I grew up in Louisville, Kentucky, and in high school played in a jazz combo which covered bebop, post-bop, and fusion material.  Many years later, after moving to New York from New Orleans, I played in a traditional, New Orleans-style jazz group.  I played in this group for a year or two until my obligations at the law firm where I worked necessitated that I put music on hold for a while.  Eventually, I started experimenting with recording alone in my apartment, on my own schedule.  

My earliest albums could be put in the amorphous category of experimental ambient electronic music.  At the time, I found myself recording in this genre for a number of reasons.  First, I had very limited means to digitally record anything.  I had no microphone, and my computer would not facilitate direct recording.  I would record things from various devices (digital synths, drum machines, shortwave radios, or anything that I could plug into the recorder) and layer them after transferring the recordings to the computer.  Second, in addition to having no acceptable means of recording the woodwinds I played, I was somewhat out of practice and cripplingly insecure about my performance abilities.  Third, in retrospect, I was in the midst of a years-long depression.  I gravitated toward ambient electronic music because significant shifts in dynamics, volume, or rhythm were intolerable to me.  Such changes, which are key components of most music, seemed unacceptably jarring during that time.  Dissonance and discomfort felt appropriate, but the changes had to take place over longer periods.  

Over time, I took steps to help relieve the depression.  As this happened, my interest in recording grew, and I acquired more equipment which allowed me to make high quality recording of woodwinds and other instruments, and worked on improving my mixing and production techniques.  I also practiced the saxophone more and more, and branched out into clarinet and bass clarinet.  As all this was taking place, I felt a strong urge to get back to what I considered my musical “roots” by playing jazz.  

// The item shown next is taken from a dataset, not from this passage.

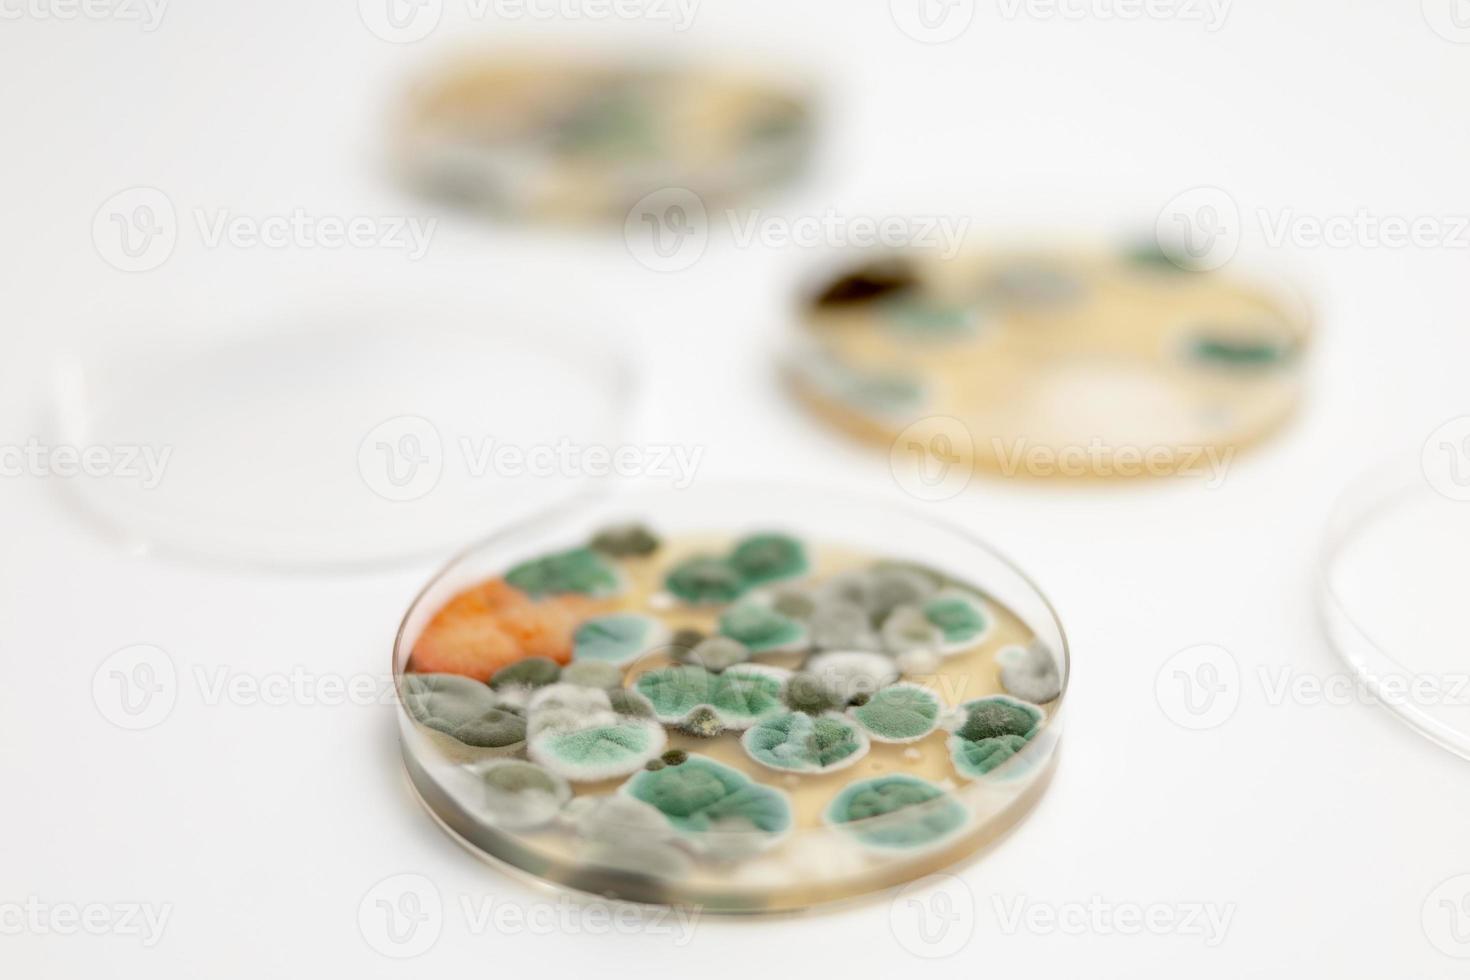 muestras de moho sobre fondo blanco. una placa de petri con colonias de microorganismos para análisis bacteriológico en un laboratorio microbiológico. vista de cerca del molde. foto

I’m not sure if the music I make now would best be described as jazz, or more of a jazz-influenced free music.  Over a number of jazz-oriented releases, I have gradually stripped away many of the layers of instruments to allow the music to focus more strenuously on the improvisational part of the performance.  Some of the songs have a clear structure to frame the improvisation, and some have no melodic or harmonic structure at all, so that the improvisation can be more “free”.  

Free improvisation is a search for truth and transcendental beauty.  Although that search will never end, through this music, hopefully, we may all come a little closer to knowing that truth which we seek.